The copy should begin at the line containing "Humble Bundle offers" and end with the last line below, every line exact and no picture included.

Segment Start: Recorded information

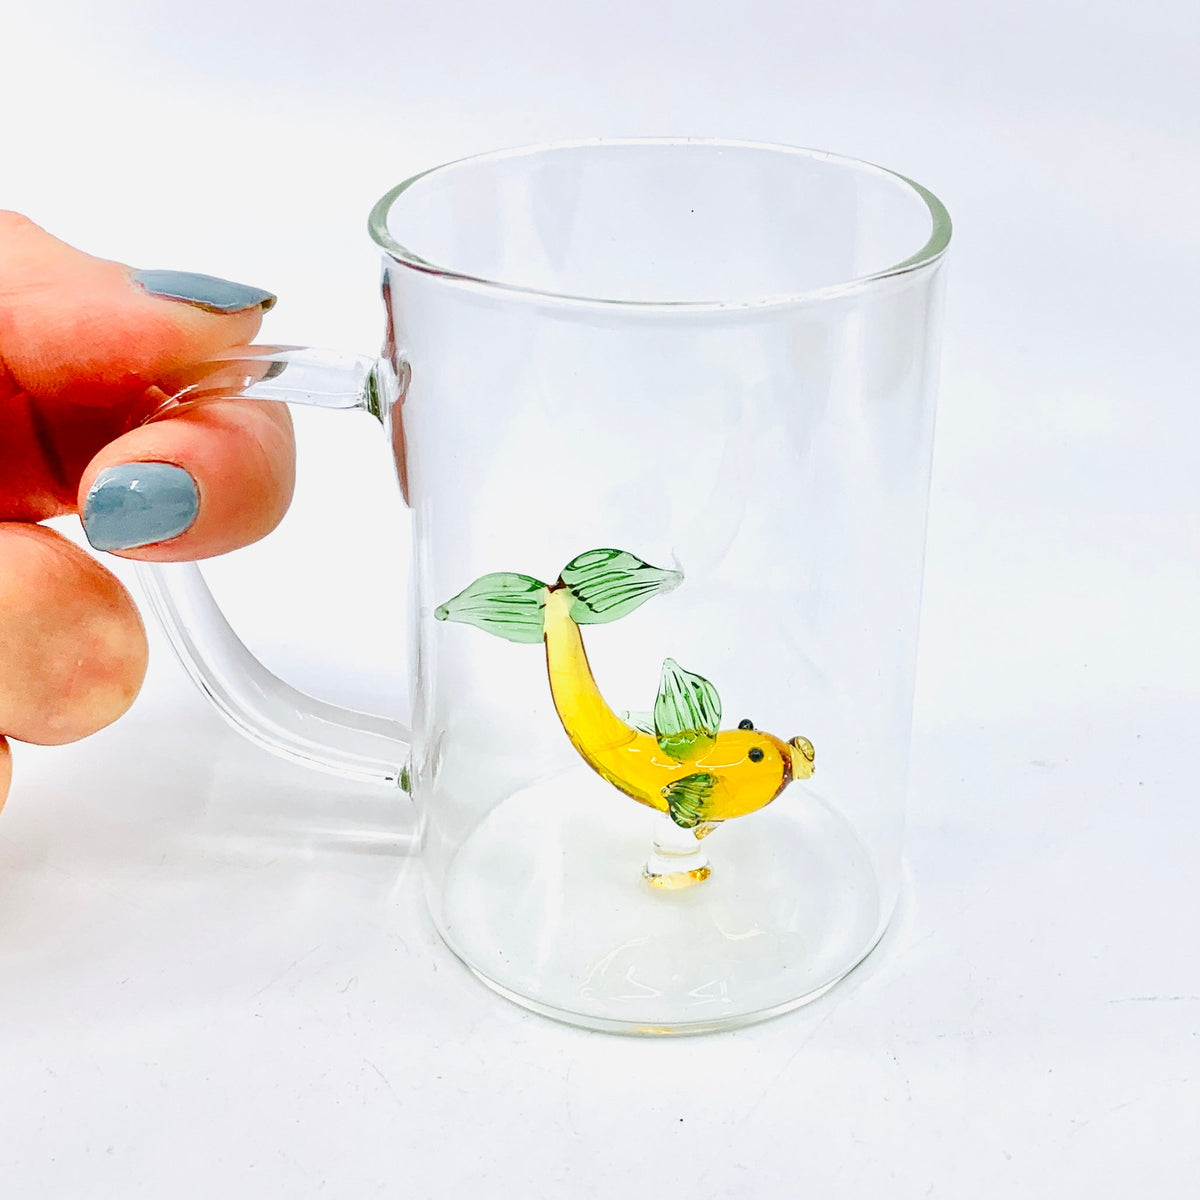 Glass Mug With Wild Animal Figures, Drink Glasses, Water Cup
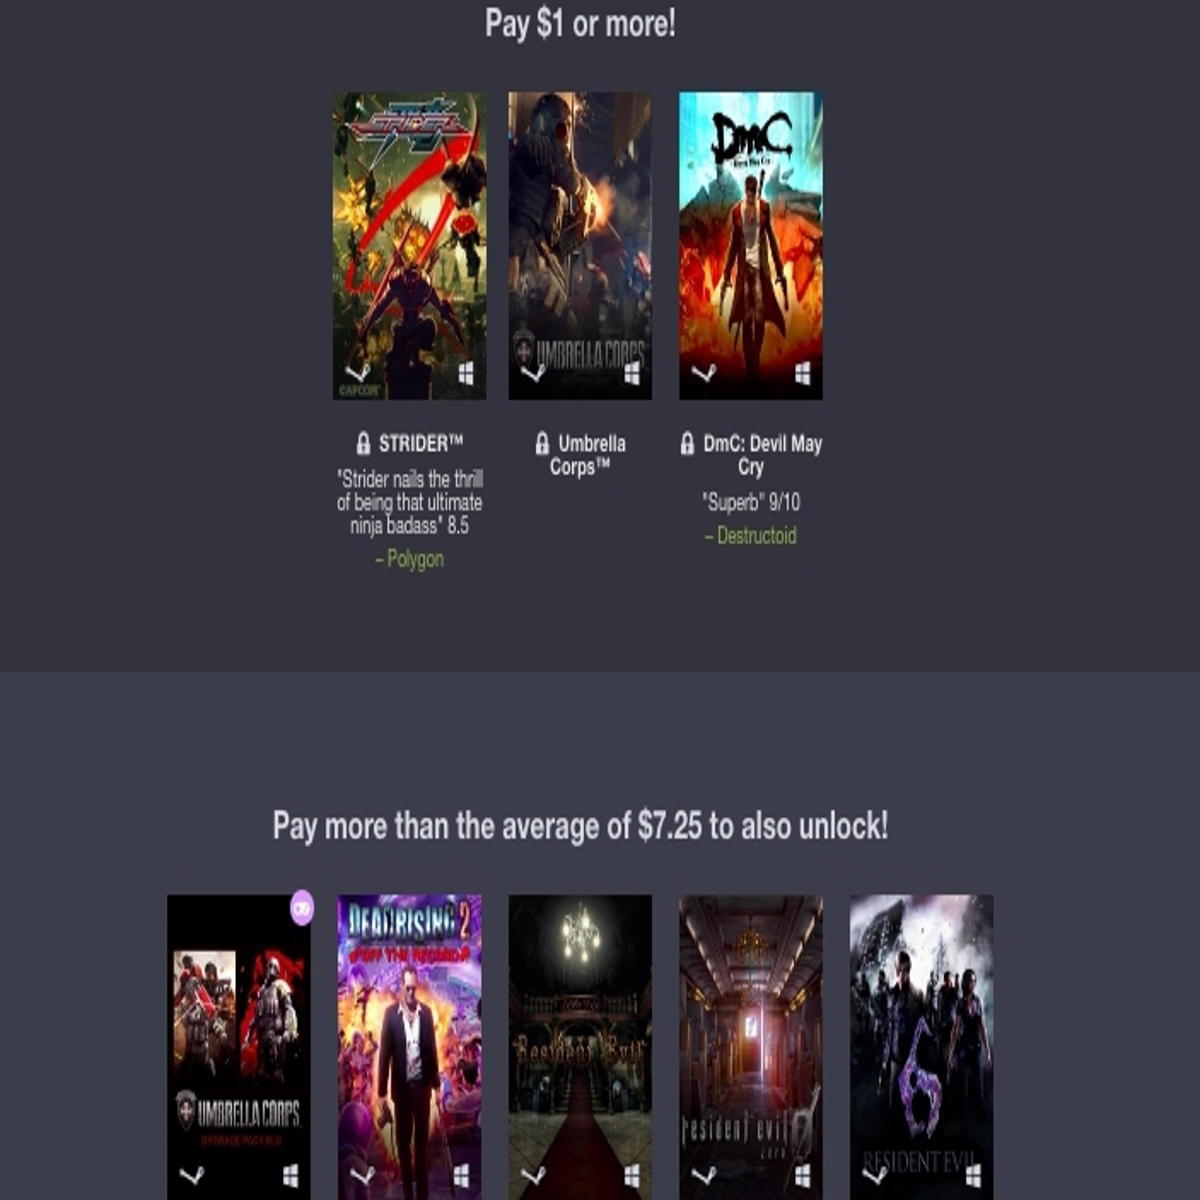 Humble Bundle offers 'Resident Evil' collection to raise money for
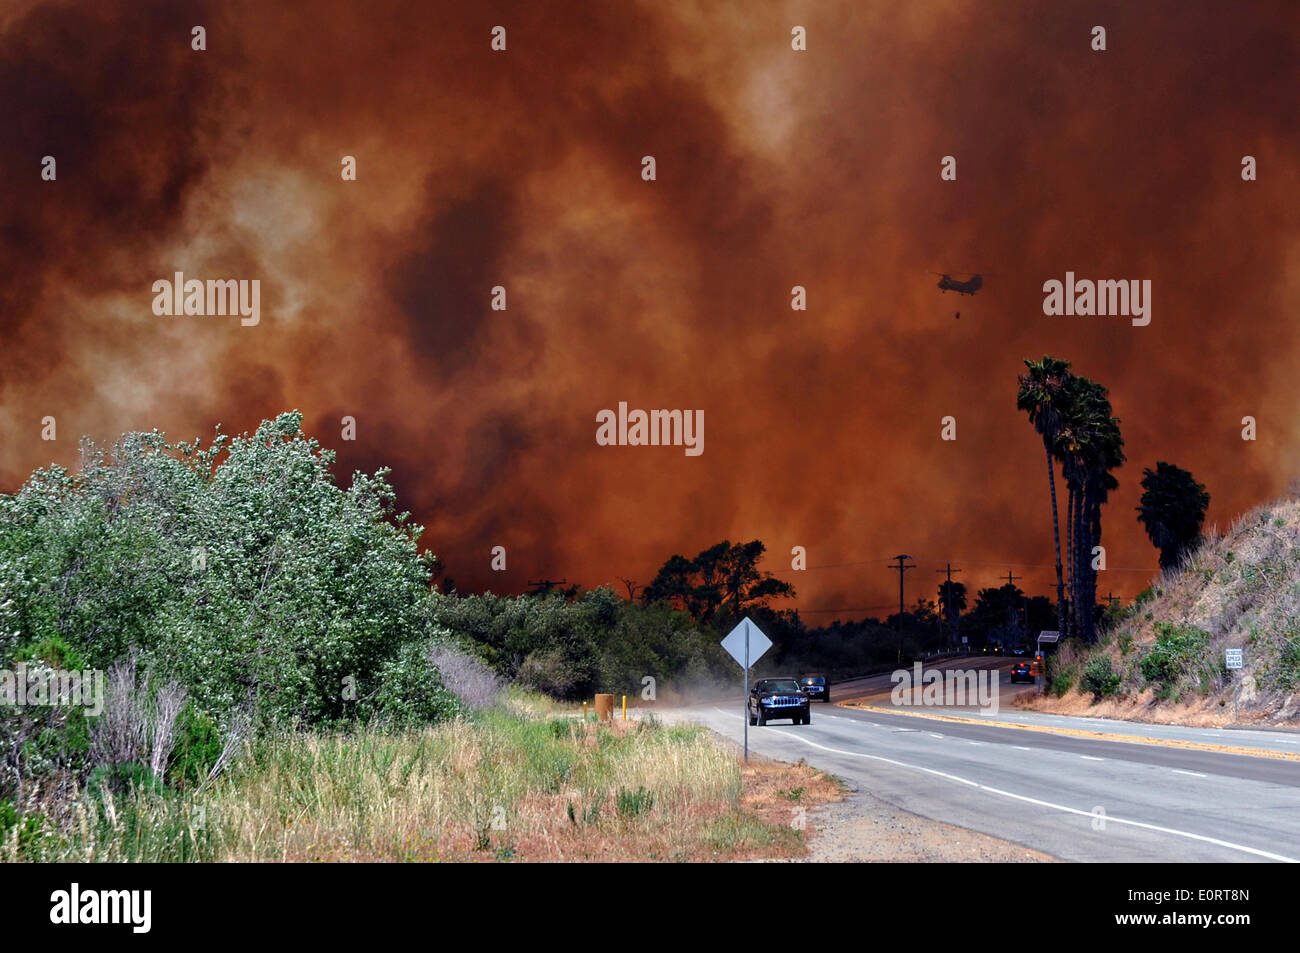 The Las Pulgas wildfire burns along a roadway in the foothills around the Marine Corps Air Station May 16, 2014 in Camp Pendleton, California.  The Las Pulgas Wildfire on Camp Pendleton has burned more than 15,000 acres and is the largest fire in San Diego County history. Stock Photo

Segment End: Recorded information

Result =>
 Humble Bundle offers 'Resident Evil' collection to raise money for
 The Las Pulgas wildfire burns along a roadway in the foothills around the Marine Corps Air Station May 16, 2014 in Camp Pendleton, California.  The Las Pulgas Wildfire on Camp Pendleton has burned more than 15,000 acres and is the largest fire in San Diego County history. Stock Photo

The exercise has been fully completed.